JK: Do you see signs that opinions about slavery are changing in Mauritania?

BDA: The iron fist is getting stronger, because there are two contradicting changes that unfortunately are going to bring Mauritania toward a bloody confrontation. The change in the minds of people that IRA has managed to create, these changes which are taking place within the Haratin and former slaves, have created a strong determination for freedom, and a strong movement for freedom.

But the pockets of pro-slavery extremism are now at the very highest levels of government. Our current president, [Mohamed Ould Abdel] Aziz, is part of the extreme right in terms of slavery and he’s not ready for dialogue. He says those who side against slavery are enemies of Islam, are agents and allies of the Jews, are the allies of foreigners, are the enemies of Mauritania. In Mauritania these are things that can be punished by death.

So in the face of the Haratin who are trying to shake things up, Gen. Abdel Aziz has organized the extremists in the Moor community to do the most violent repression you can think of. So certainly he’s going to bring us to a bloody confrontation.

JK: Are you worried about your own or your family’s safety after speaking out internationally about what’s happening in Mauritania?

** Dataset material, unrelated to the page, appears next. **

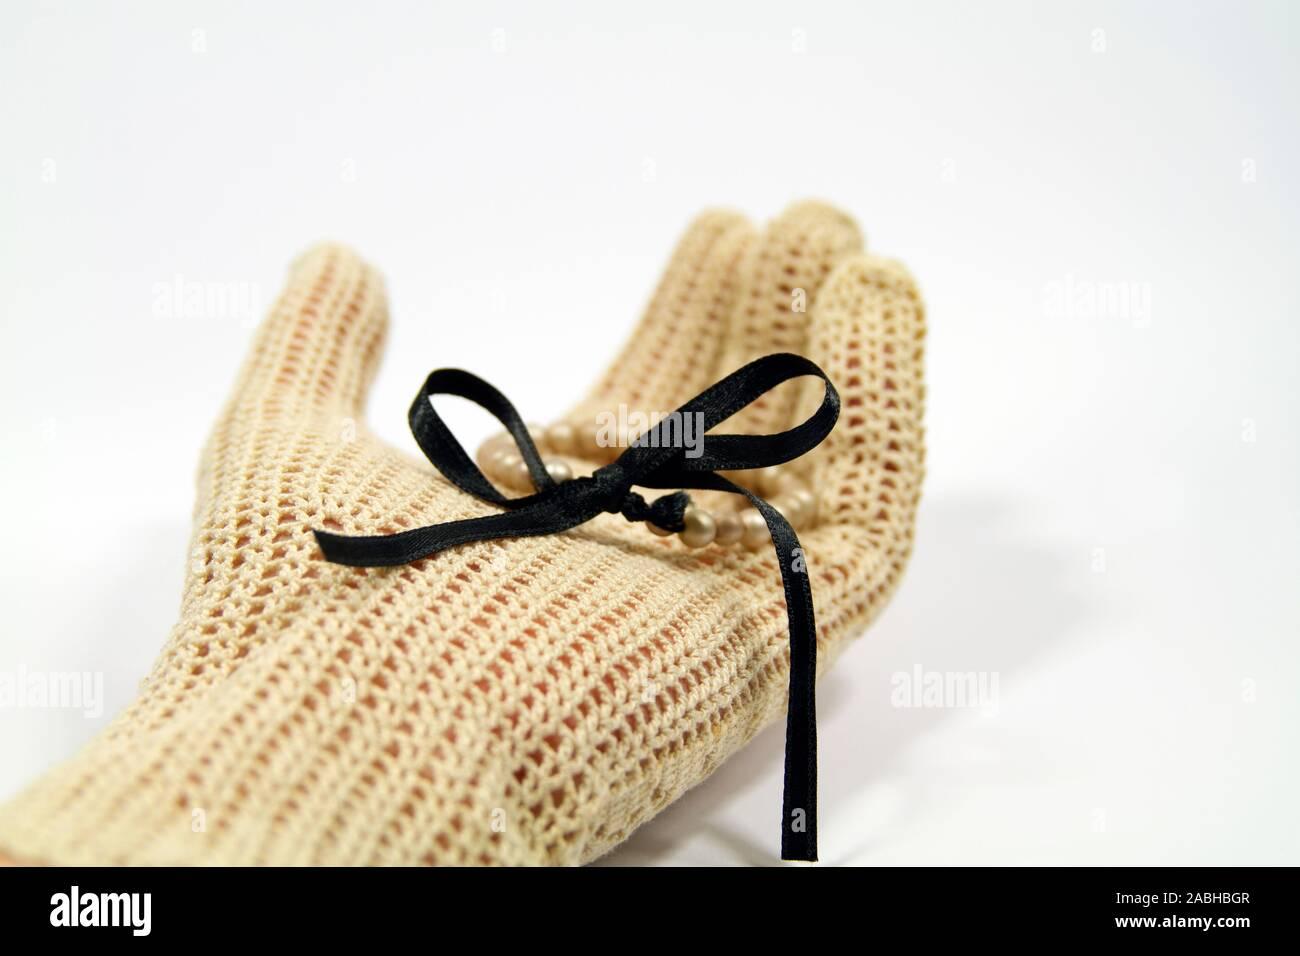 Hand mit Vintage gestricken Handschuh holding Perle Armband mit schwarzem Satinband Stockfoto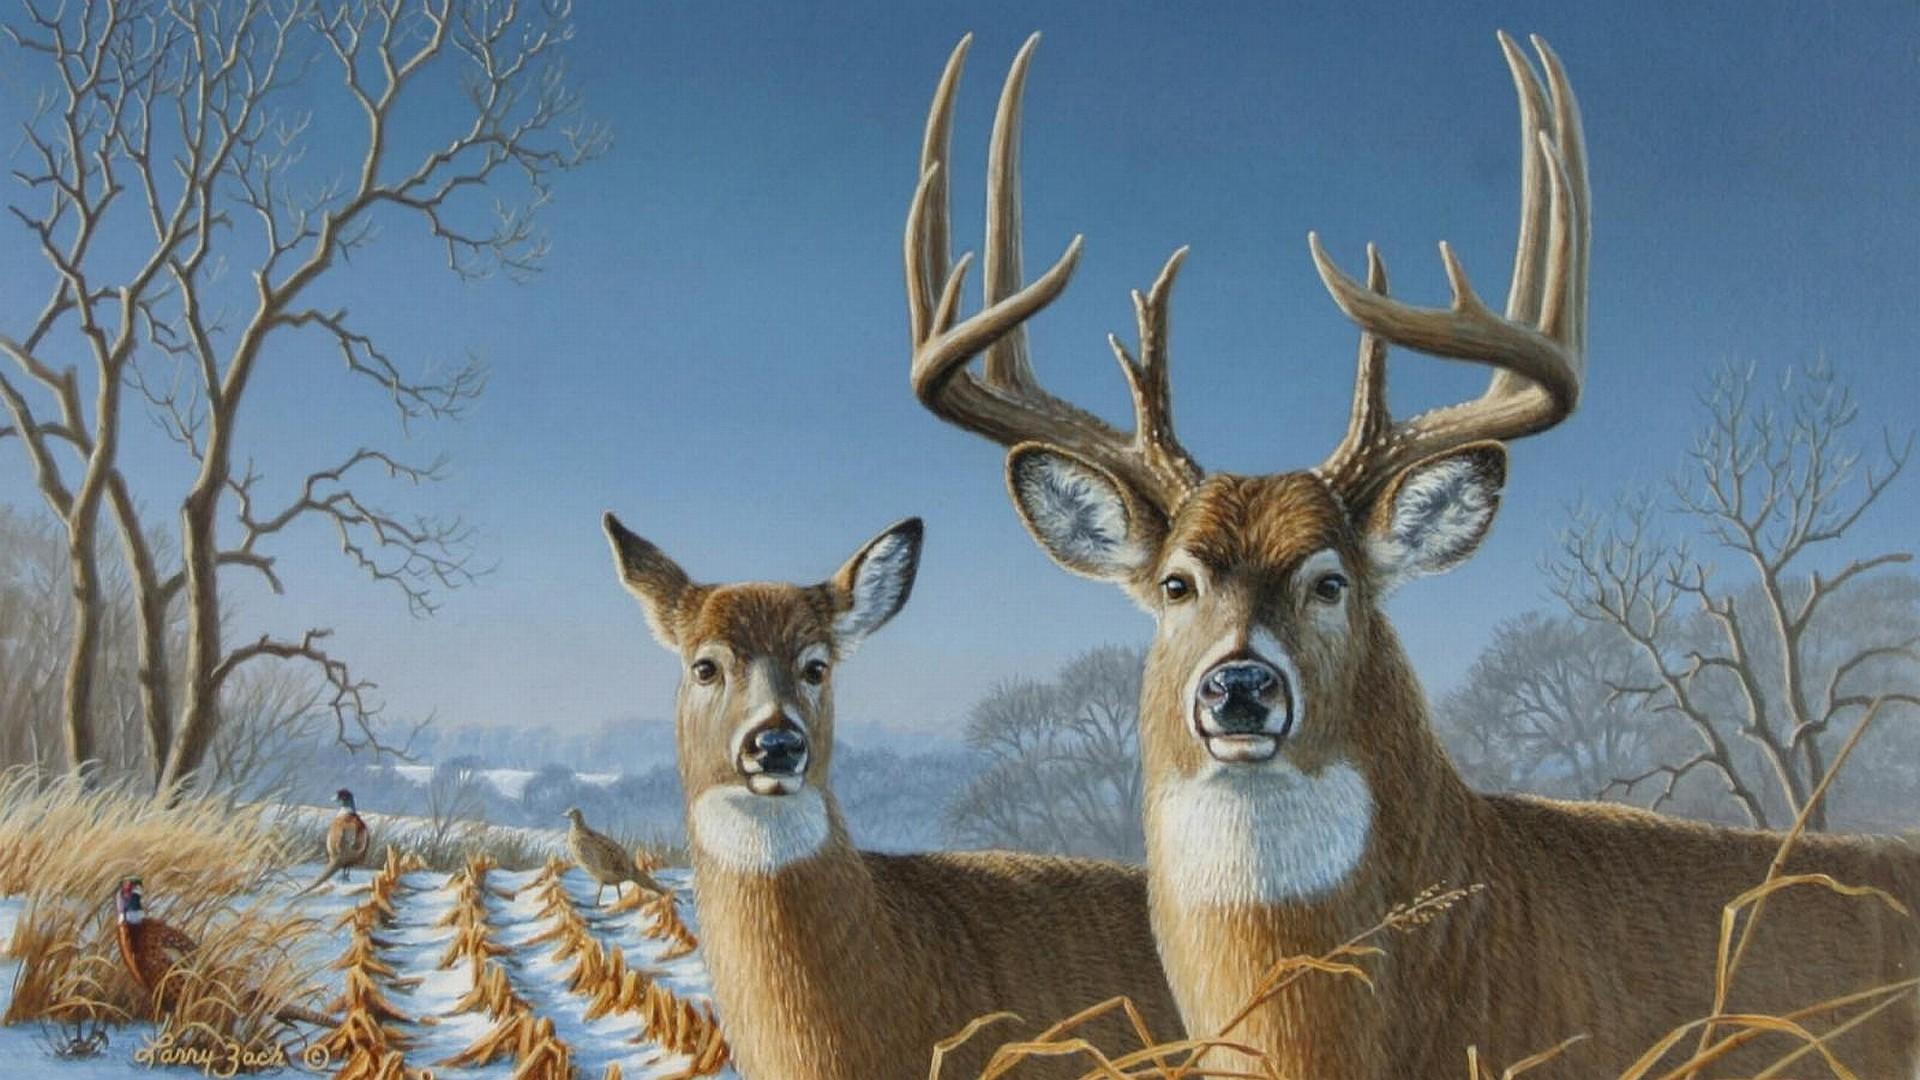 Free Whitetail Deer Wallpaper | HD Wallpapers | Pinterest | Wallpaper and  Wallpaper art

BDA: [Laughs] I have been at risk for so long. The political, religious, and tribal leaders, they’ve already had demonstrations asking for me to get the death penalty. The chief of state has said publicly that he’s going to give me the death penalty. The council of ministers of Mauritania got together especially to talk about my case and put out a communiqué saying I would be killed.

They’re just trying to figure out a way to do it without shocking the international community or provoking a huge revolution among the Haratin. So as much as I’m at risk, the power behind slavery is also at risk. The majority of soldiers are Haratin. The majority of workers are Haratin. The majority of peasants are Haratin. They are human beings and capable of being on the side of reason. But they’re also capable of revolting.

I am a nonviolent activist, but if the government decides to take my life with violence, it will create more violence. If I lose my life fighting slavery, that’s something I accept, but I will be sad that people will die.

JK: But do you think they will allow you back into the country after this trip?

BDA: Well whatever happens, I’m getting on a plane on the 27th.